La Polonia chiede di vietare l’aborto di bambini con la sindrome di Down

gravidanza

Questa settimana il parlamento polacco prenderà in considerazione una legislazione “pro-vita” che vuole assolutamente proteggere i bambini non ancora nati dall’aborto selettivo causa disabilità.

A differenza della maggior parte dell’Europa, e nella maggior parte dei casi, la Polonia protegge i bambini non ancora nati dall’aborto.

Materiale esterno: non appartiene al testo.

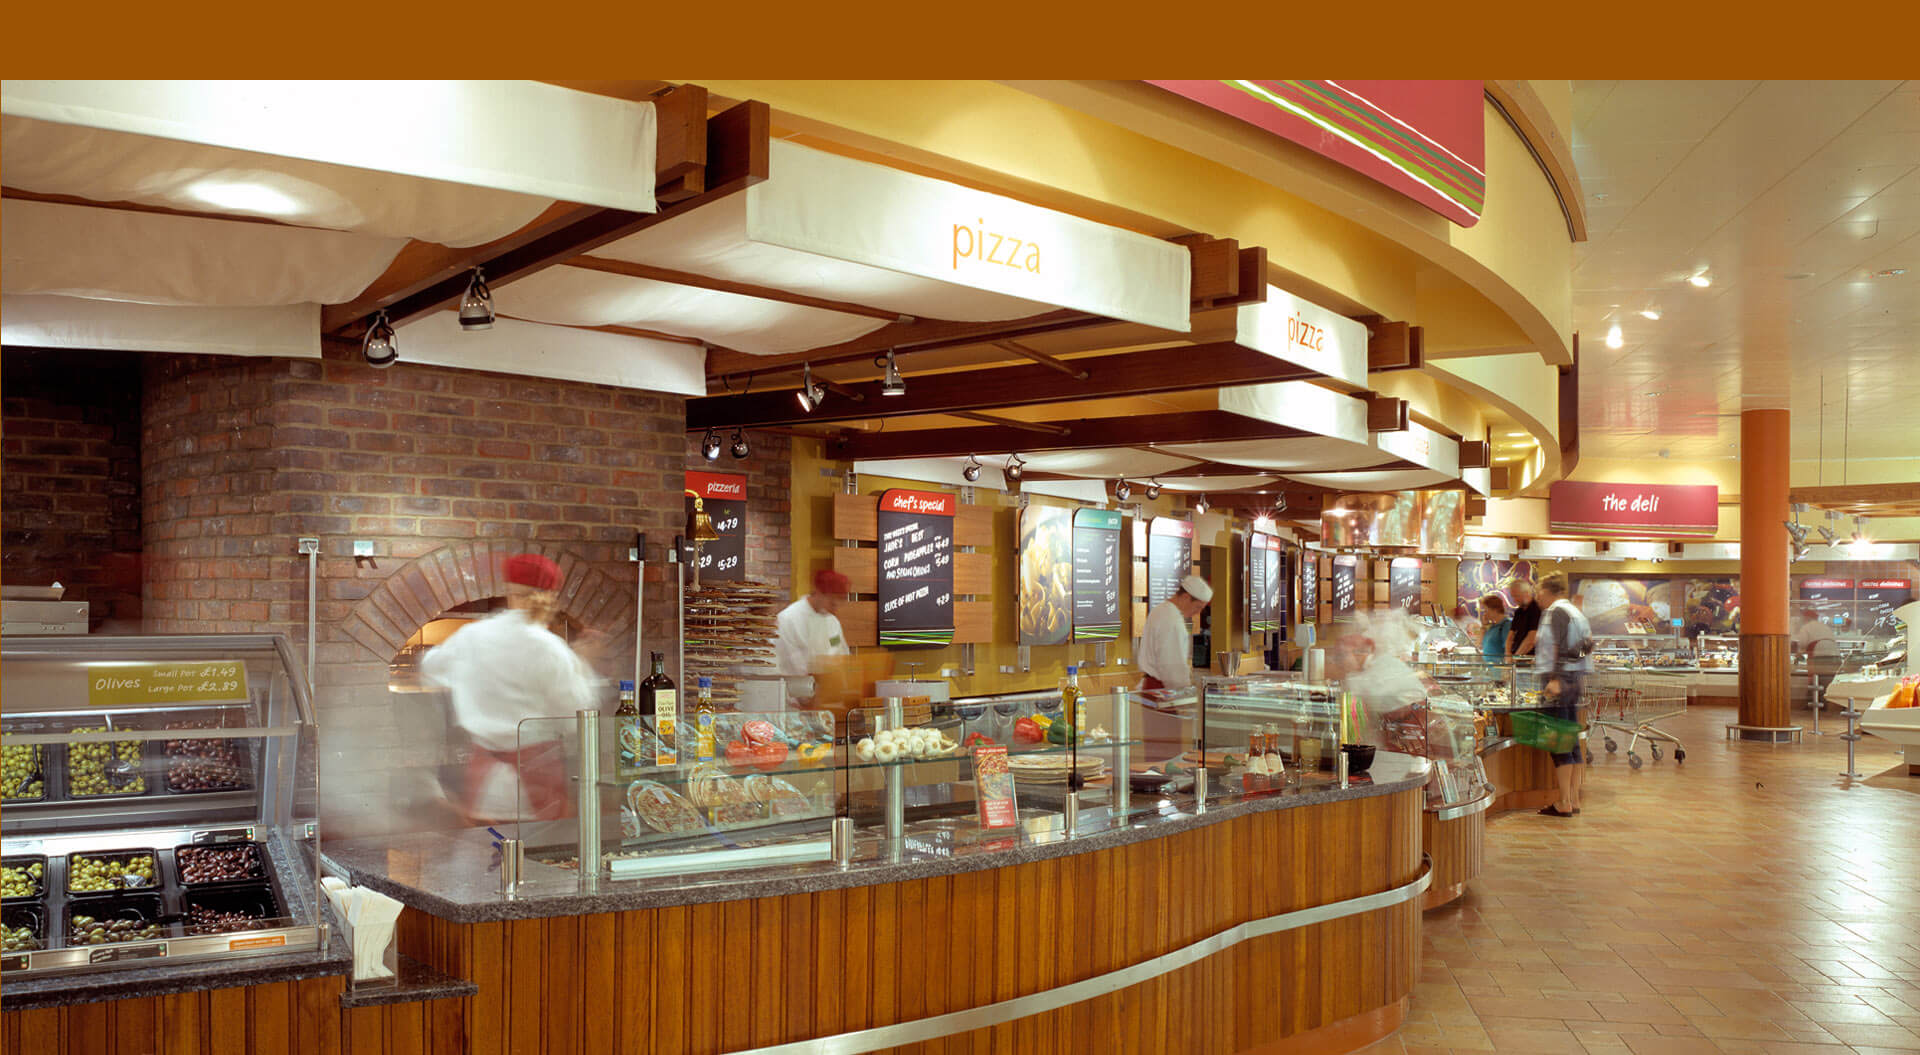 Safeway supermarket interior store design, merchandising and branding for hot food pizza and grill bar counters

Le interruzioni sono consentite solo dopo lo stupro o l’incesto, se la vita della madre è a rischio o in caso di anomalie fetali, inclusa la sindrome di Down. La legislazione che è stata proposta eliminerebbe l’ultima disposizione e proteggerebbe i bambini non ancora nati da aborti discriminatori selettivi per la disabilità.

Un sondaggio all’interno del Paese ha rivelato che esiste un forte sostegno alle misure a favore della vita. Un altro sondaggio ha invece rilevato che il 75% dei polacchi pensa che l’aborto sia “sempre sbagliato e non può mai essere giustificato”. Nel frattempo, solo il 7% pensava che “non ci fosse nulla di sbagliato in ciò e poteva sempre essere giustificato”.

Inoltre, la legislazione proposta proviene da un’iniziativa dei cittadini, la quale ha ricevuto sostegno da oltre 830.000 residenti polacchi, indicando un ulteriore forte sostegno ad un cambiamento della legge.

Secondo la legislazione polacca in merito, il parlamento ha il dovere legale di prendere in considerazione le eventuali proposte di iniziativa dei cittadini che ricevono oltre 100.000 firme entro sei mesi dalla sua formazione, in questo caso entro maggio 2020.

Tuttavia, non è chiaro quanto supporto fornirà il disegno di legge al partito “Diritto e Giustizia”, nonostante sia stato presentato da uno dei suoi parlamentari, Elzbieta Witek. Nel 2016, questo partito inizialmente sostenne un’iniziativa dei cittadini molto simile, ma poi ritirò il suo sostegno a causa delle proteste degli attivisti sull’aborto.

Sebbene il disegno di legge abbia un forte sostegno da parte dell’opinione pubblica, gli attivisti pro-vita sono diffidenti nei confronti della pressione esercitata dai gruppi sull’aborto, i quali si oppongono in modo molto aggressivo in modo da mantenere legali gli aborti selettivi sulla disabilità eugenetici e con l’intento di costringere il partito Diritto e Giustizia a ritirare nuovamente il sostegno.

Una petizione pro-aborto contro il disegno di legge è stata firmata da 170 parlamentari, deputati e senatori di 24 Paesi europei. Tuttavia, solo nove dei firmatari sono legislatori polacchi. Il presidente Andrzej Duda ha dichiarato che firmerà il disegno di legge, dichiarando quanto segue: “Credo che uccidere bambini con disabilità debba essere considerato un vero e proprio omicidio. Se un progetto che si oppone a tutto questo arriverà sulla mia scrivania, lo firmerò sicuramente”.